月九ヴォイス第三話

フジテレビ系。月九ドラマ「ヴォイス 命なき者の声」。第三話。
脚本:金子茂樹。音楽:吉川慶&Audio Highs。主題歌:GReeeeN「刹那」。プロデューサー:瀧山麻土香&東康之。制作:フジテレビドラマ制作センター。演出:成田岳
片平なぎさ平泉成勝村政信の豪華出演陣を迎えた今宵の第三話。普段、他のドラマでは事件を解決する側を演じる片平が、ここでは解明されるべき出来事の当事者、云わば被害者の側を演じている。平泉成の演じる工場の作業員は、久保秋雪子(片平なぎさ)が生前には工場の人気者だったことを語りつつも、その仕事に対する厳しさが当時の若い者たちの一部には反感をも買っていたことも述べることで殺人の可能性を示唆し、徒に話を混乱させる役割をも担った。

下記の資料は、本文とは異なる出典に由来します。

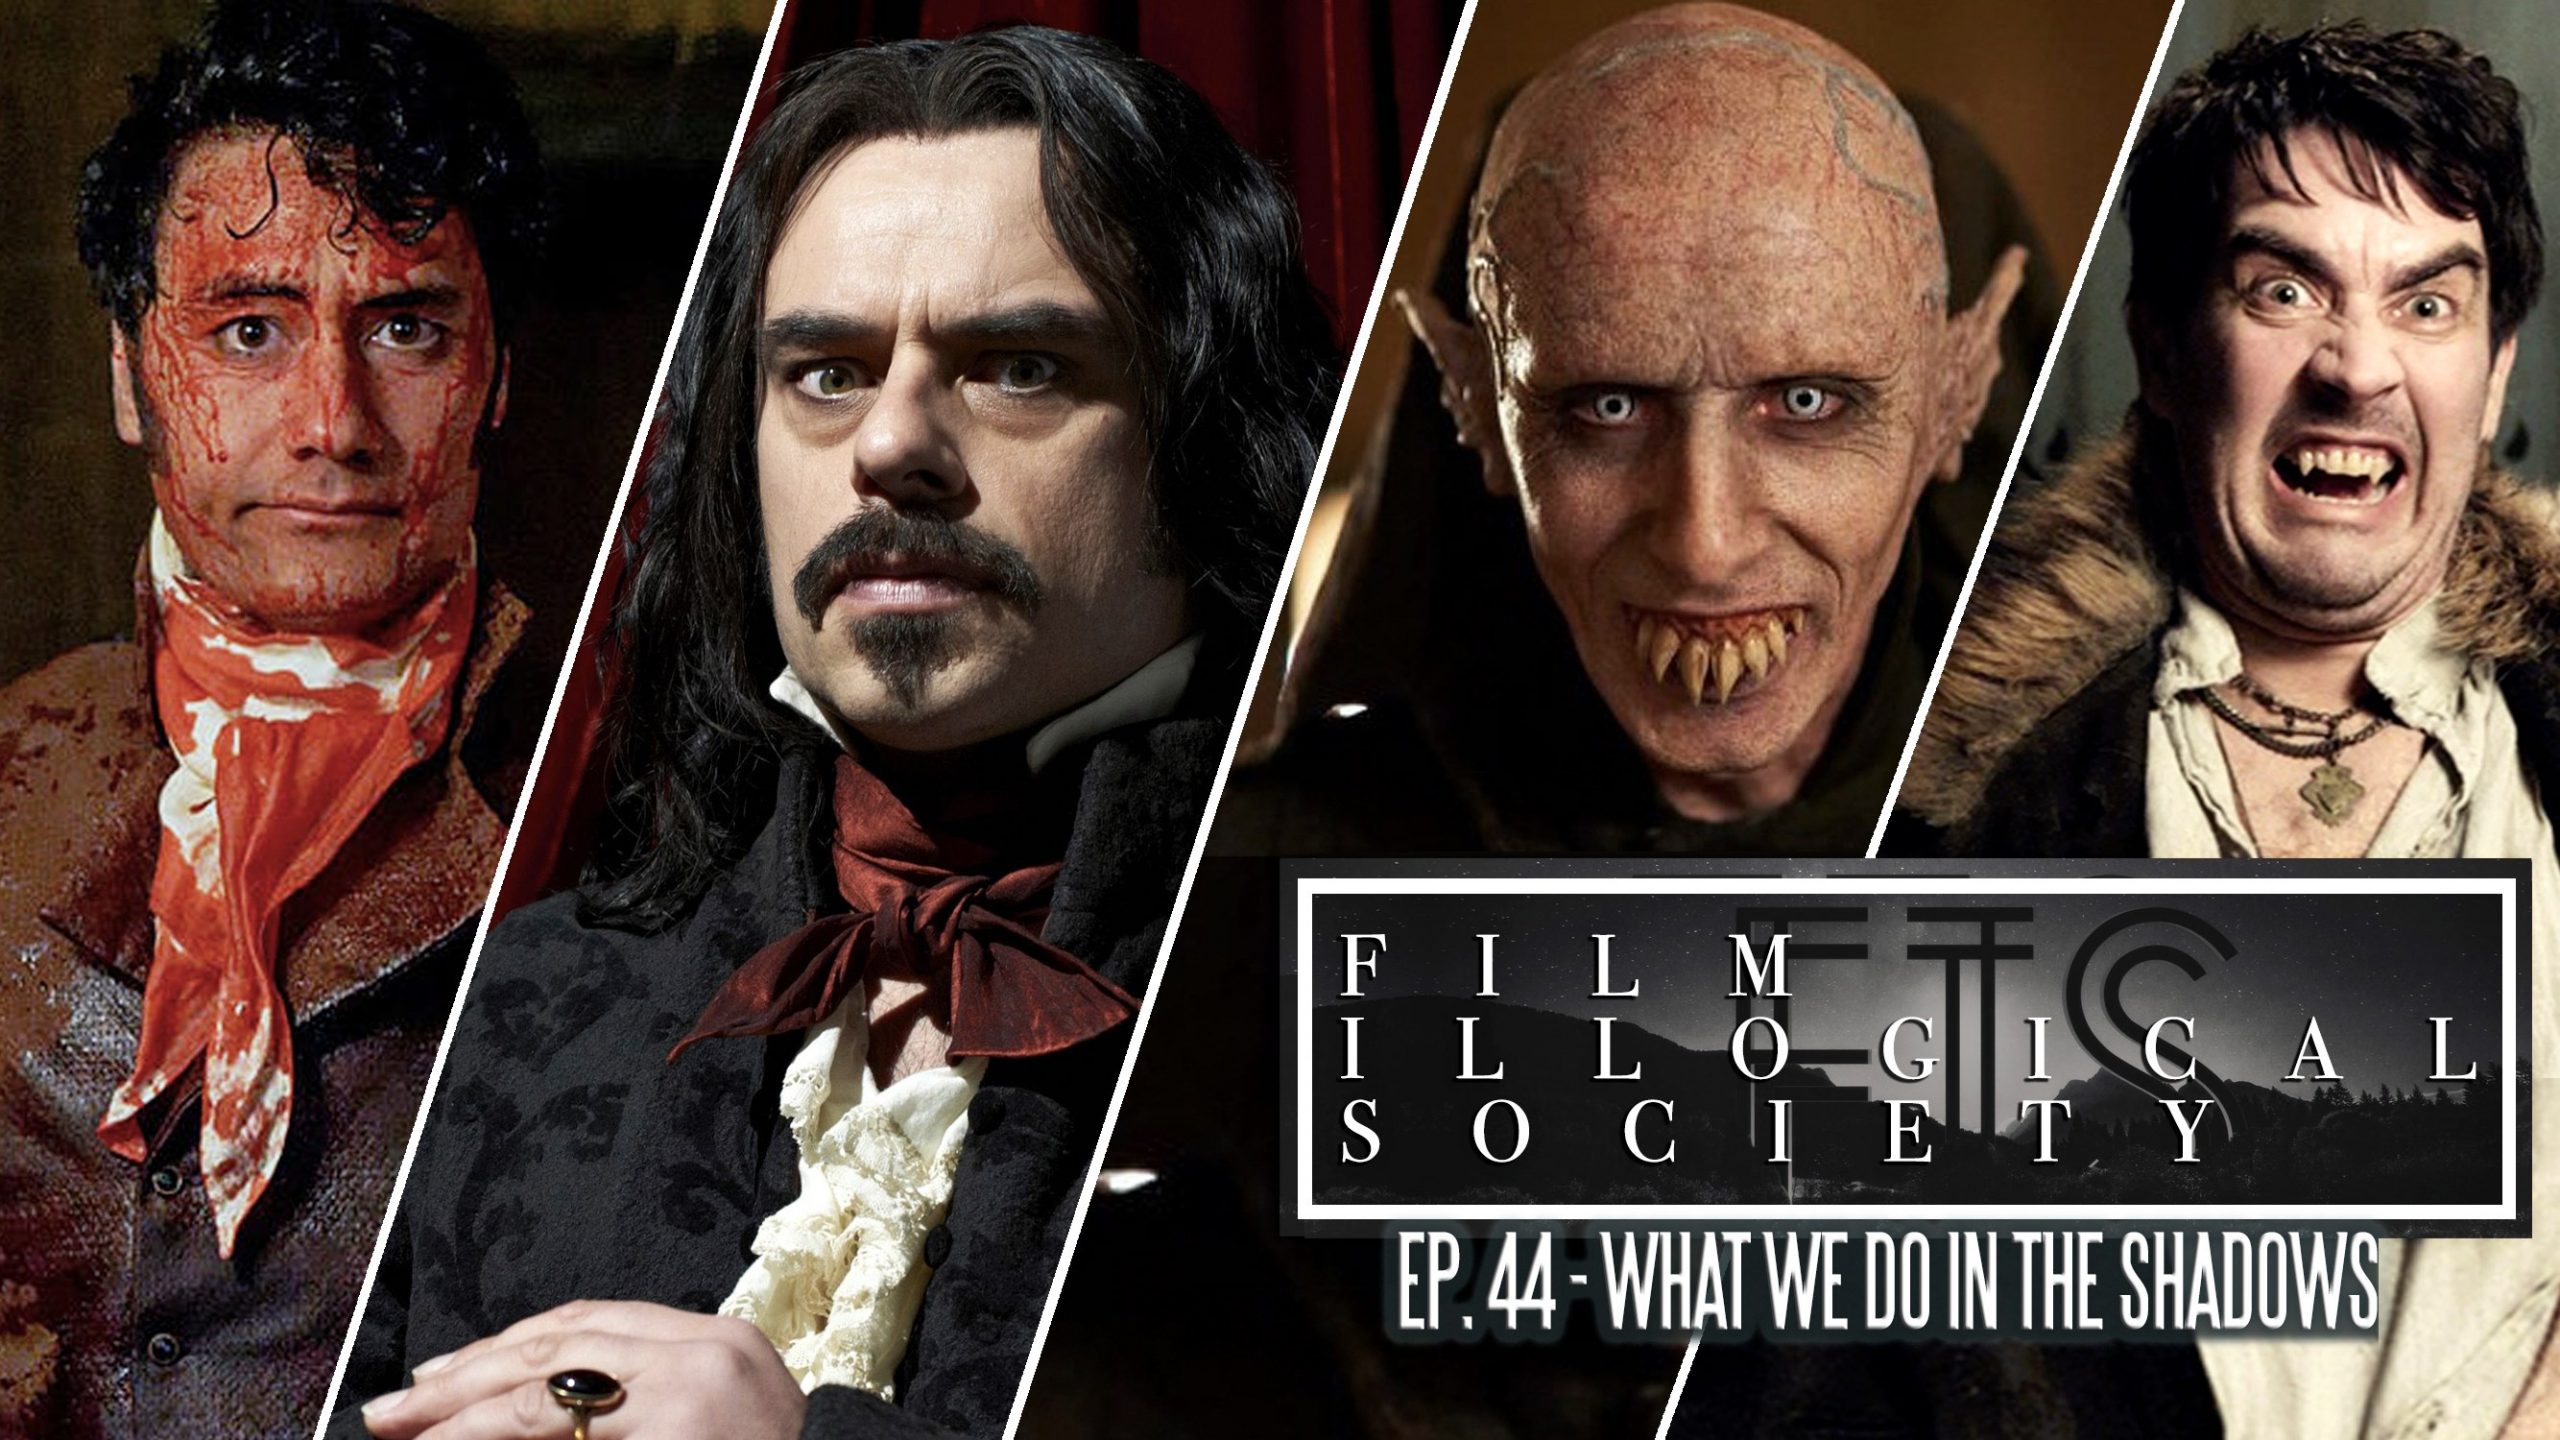 44 – What We Do in the Shadows

これら豪華出演陣を迎えることで何となく良い話だったかのような印象を生んではいるが、よく考えると酷い真相ではあった。なにしろ雪子は「諦めたら人生おしまい」という自身の信念に従い、夜遅くまで几帳面に働いたことの結果として亡くなってしまったと云えなくもないからだ。少なくとも諦めておけば、生命を落とすことにはならなかったろう。頑張って完璧に仕事をこなしたとしても報われることもなく、むしろ「人生おしまい」になってしまうなんて、何と救いのない話だろうか。吾等視聴者は「早めに諦めるべし」とか「仕事は程々に誤魔化すべし」とか云った鑑戒を得るほかないかもしれぬ。
東凛大学医学部における「法医学ゼミ」の学生五人組の一人、石末亮介(生田斗真)は久保秋佳奈子(石原さとみ)との会話の中で、加地大己(瑛太)も久保秋も確り法医学に打ち込んでいて立派だと思う…とか云っていた。本気だろうか。悪い冗談としか思えない。彼等五人組の中で法医学の技術や知識の取得に本格的に没頭しつつあると云えるのは、少なくとも今宵の話を見る限り、法医学研究室の老いた研究職の技師、蕉木誠(泉谷しげる)のために徹夜してまでもデータ採取の作業の補助をつとめ上げた桐畑哲平(遠藤雄弥)と羽井彰(佐藤智仁)の二人組位ではなかったろうか。